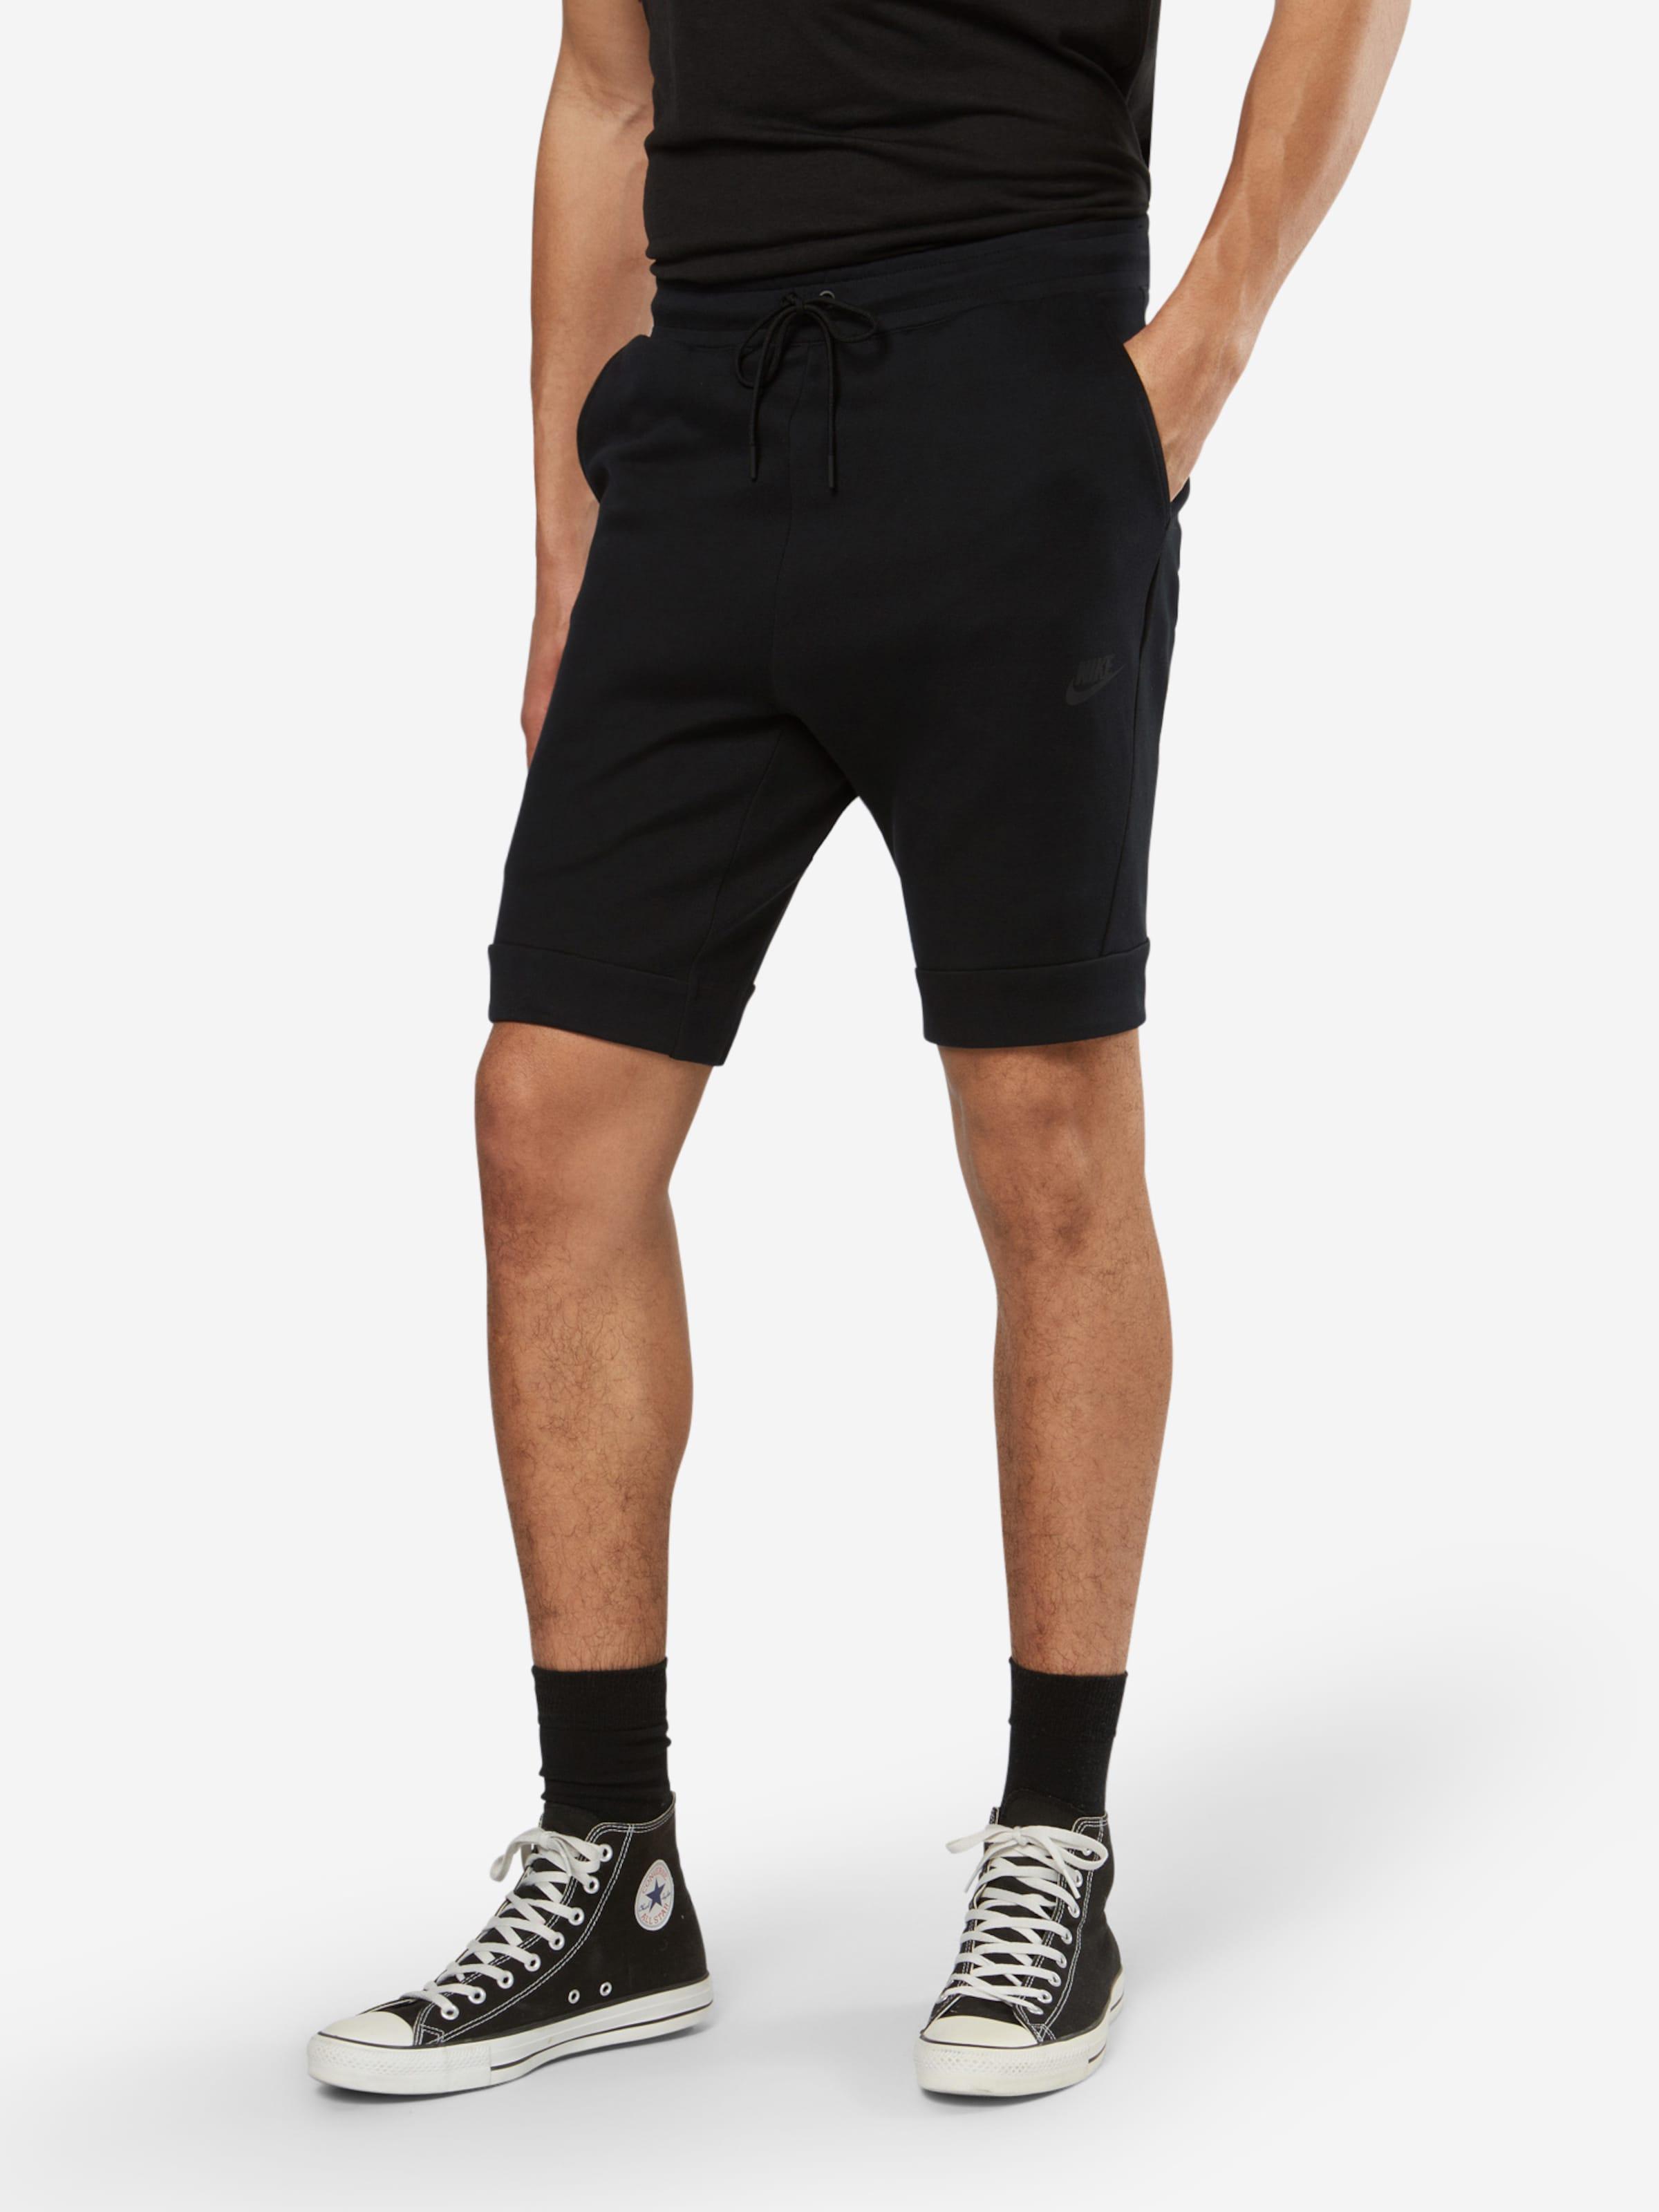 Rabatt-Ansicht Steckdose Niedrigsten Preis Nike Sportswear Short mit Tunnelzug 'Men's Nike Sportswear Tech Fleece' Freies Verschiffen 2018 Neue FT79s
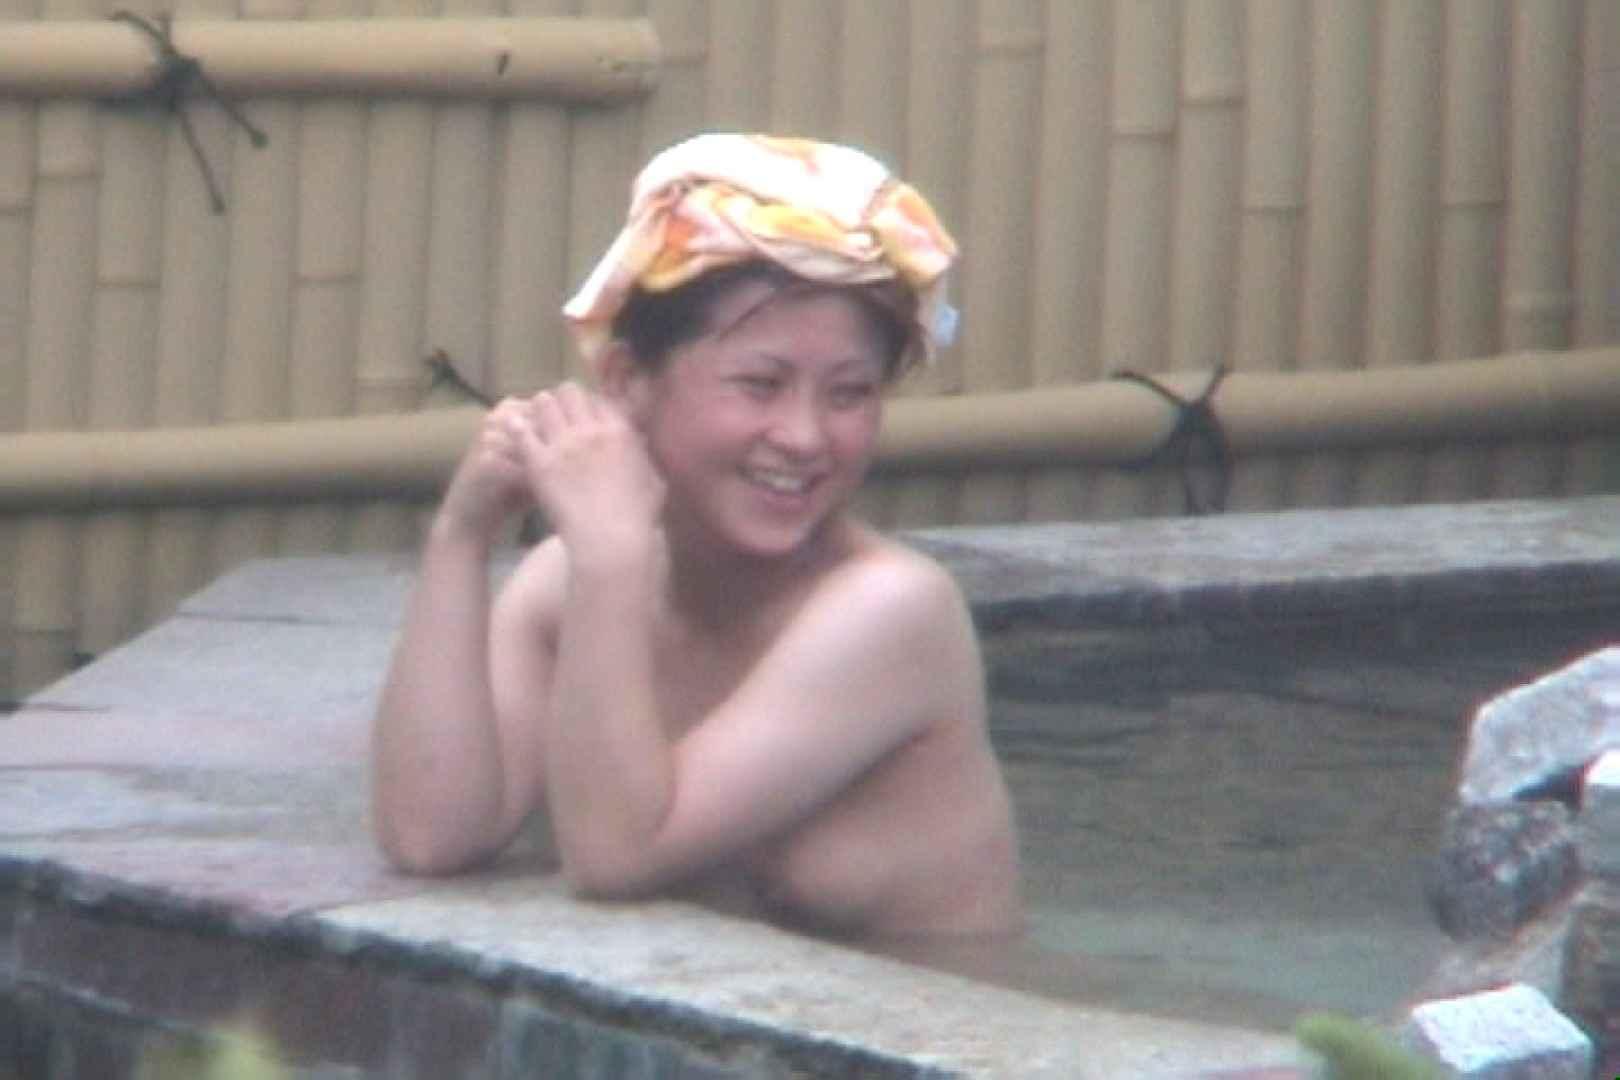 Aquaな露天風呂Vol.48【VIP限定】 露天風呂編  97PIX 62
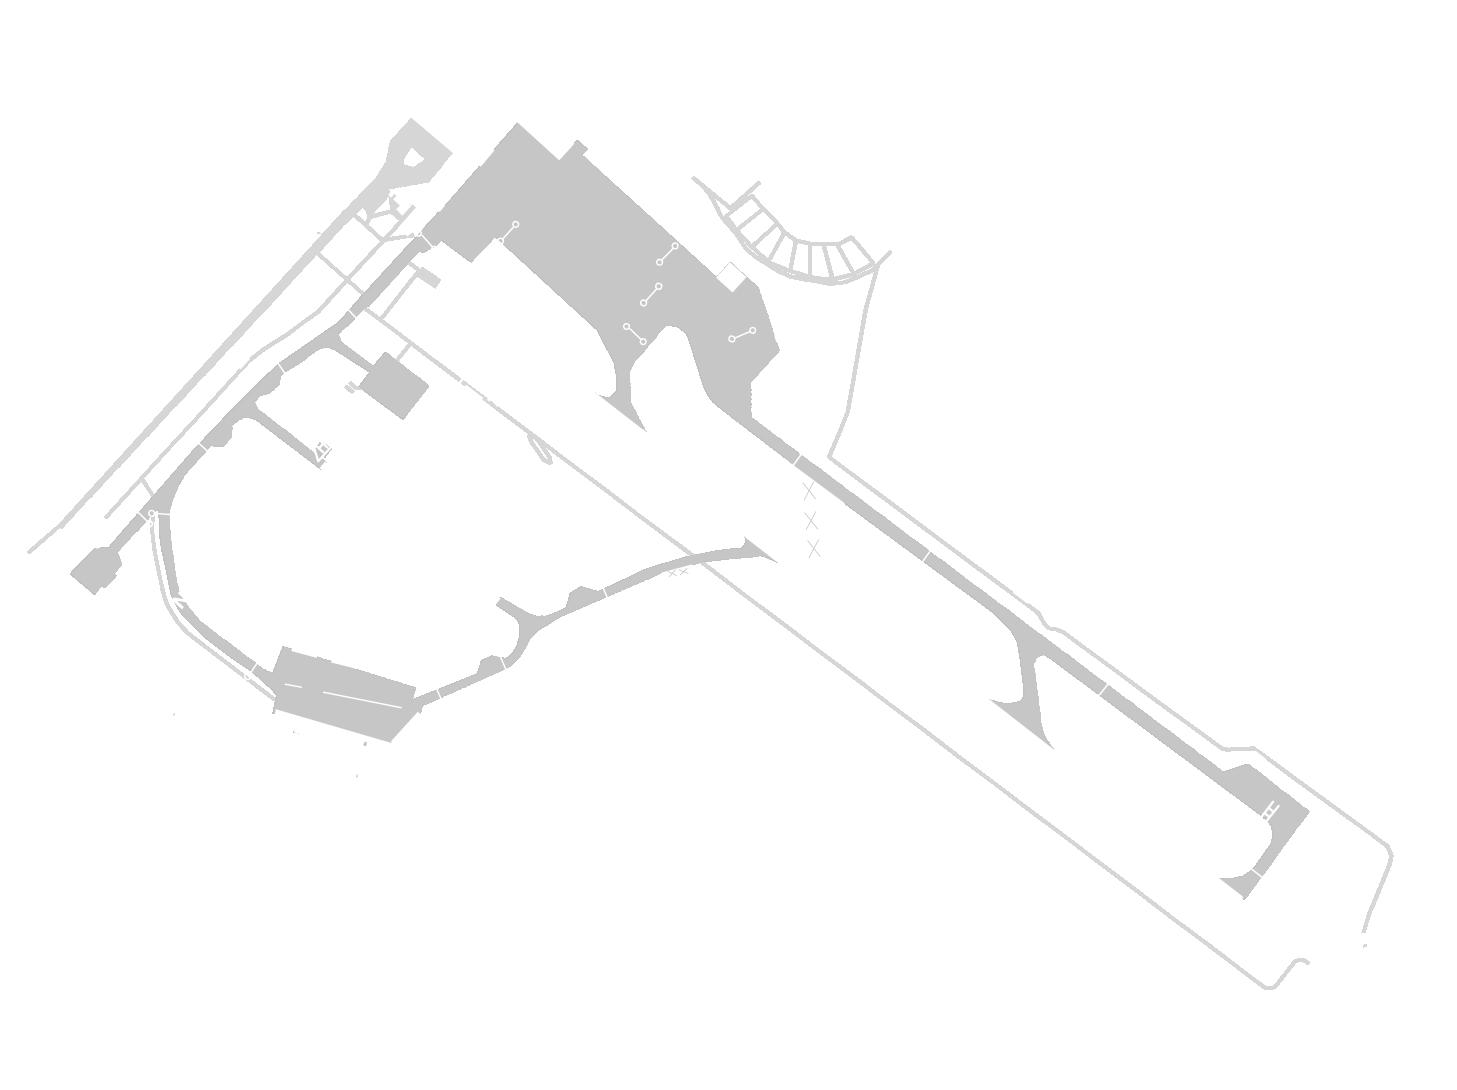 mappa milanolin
————
#### Exercise
Output a faithful copy of the data, with each picture left out.

#### Answer box
 Rabatt-Ansicht Steckdose Niedrigsten Preis Nike Sportswear Short mit Tunnelzug 'Men's Nike Sportswear Tech Fleece' Freies Verschiffen 2018 Neue FT79s
 Aquaな露天風呂Vol.48【VIP限定】 露天風呂編  97PIX 62
 mappa milanolin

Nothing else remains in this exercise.